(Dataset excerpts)
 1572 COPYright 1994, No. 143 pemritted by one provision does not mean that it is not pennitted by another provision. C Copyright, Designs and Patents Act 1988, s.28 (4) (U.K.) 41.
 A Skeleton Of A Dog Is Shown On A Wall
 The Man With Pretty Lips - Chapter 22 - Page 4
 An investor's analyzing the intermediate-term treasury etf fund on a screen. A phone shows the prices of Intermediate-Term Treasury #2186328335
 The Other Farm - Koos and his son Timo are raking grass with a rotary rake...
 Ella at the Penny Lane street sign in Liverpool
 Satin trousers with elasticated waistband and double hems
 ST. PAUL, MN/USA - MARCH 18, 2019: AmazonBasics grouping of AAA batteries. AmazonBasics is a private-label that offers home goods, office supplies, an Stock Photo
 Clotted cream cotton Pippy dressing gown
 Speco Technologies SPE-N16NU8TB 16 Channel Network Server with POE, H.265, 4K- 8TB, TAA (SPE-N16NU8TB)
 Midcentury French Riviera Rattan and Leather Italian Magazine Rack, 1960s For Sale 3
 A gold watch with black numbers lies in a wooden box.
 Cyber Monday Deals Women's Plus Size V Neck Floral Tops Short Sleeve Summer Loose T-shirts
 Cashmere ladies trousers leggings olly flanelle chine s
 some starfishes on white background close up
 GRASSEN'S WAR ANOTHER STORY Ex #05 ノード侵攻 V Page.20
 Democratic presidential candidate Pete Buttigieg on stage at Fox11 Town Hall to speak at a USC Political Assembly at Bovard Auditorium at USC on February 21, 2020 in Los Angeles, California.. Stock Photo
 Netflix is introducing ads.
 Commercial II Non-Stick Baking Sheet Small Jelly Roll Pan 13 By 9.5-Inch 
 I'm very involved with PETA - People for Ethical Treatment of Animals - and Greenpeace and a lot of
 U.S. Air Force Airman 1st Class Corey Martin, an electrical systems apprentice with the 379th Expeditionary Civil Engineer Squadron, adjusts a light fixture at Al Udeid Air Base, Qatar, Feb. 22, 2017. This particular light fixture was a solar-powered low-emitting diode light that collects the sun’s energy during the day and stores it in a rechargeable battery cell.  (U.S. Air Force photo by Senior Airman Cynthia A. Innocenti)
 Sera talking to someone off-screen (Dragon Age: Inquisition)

■ Task statement: Each record must be returned exactly as it is written.

■ Solution to this problem:
 1572 COPYright 1994, No. 143 pemritted by one provision does not mean that it is not pennitted by another provision. C Copyright, Designs and Patents Act 1988, s.28 (4) (U.K.) 41.
 A Skeleton Of A Dog Is Shown On A Wall
 The Man With Pretty Lips - Chapter 22 - Page 4
 An investor's analyzing the intermediate-term treasury etf fund on a screen. A phone shows the prices of Intermediate-Term Treasury #2186328335
 The Other Farm - Koos and his son Timo are raking grass with a rotary rake...
 Ella at the Penny Lane street sign in Liverpool
 Satin trousers with elasticated waistband and double hems
 ST. PAUL, MN/USA - MARCH 18, 2019: AmazonBasics grouping of AAA batteries. AmazonBasics is a private-label that offers home goods, office supplies, an Stock Photo
 Clotted cream cotton Pippy dressing gown
 Speco Technologies SPE-N16NU8TB 16 Channel Network Server with POE, H.265, 4K- 8TB, TAA (SPE-N16NU8TB)
 Midcentury French Riviera Rattan and Leather Italian Magazine Rack, 1960s For Sale 3
 A gold watch with black numbers lies in a wooden box.
 Cyber Monday Deals Women's Plus Size V Neck Floral Tops Short Sleeve Summer Loose T-shirts
 Cashmere ladies trousers leggings olly flanelle chine s
 some starfishes on white background close up
 GRASSEN'S WAR ANOTHER STORY Ex #05 ノード侵攻 V Page.20
 Democratic presidential candidate Pete Buttigieg on stage at Fox11 Town Hall to speak at a USC Political Assembly at Bovard Auditorium at USC on February 21, 2020 in Los Angeles, California.. Stock Photo
 Netflix is introducing ads.
 Commercial II Non-Stick Baking Sheet Small Jelly Roll Pan 13 By 9.5-Inch 
 I'm very involved with PETA - People for Ethical Treatment of Animals - and Greenpeace and a lot of
 U.S. Air Force Airman 1st Class Corey Martin, an electrical systems apprentice with the 379th Expeditionary Civil Engineer Squadron, adjusts a light fixture at Al Udeid Air Base, Qatar, Feb. 22, 2017. This particular light fixture was a solar-powered low-emitting diode light that collects the sun’s energy during the day and stores it in a rechargeable battery cell.  (U.S. Air Force photo by Senior Airman Cynthia A. Innocenti)
 Sera talking to someone off-screen (Dragon Age: Inquisition)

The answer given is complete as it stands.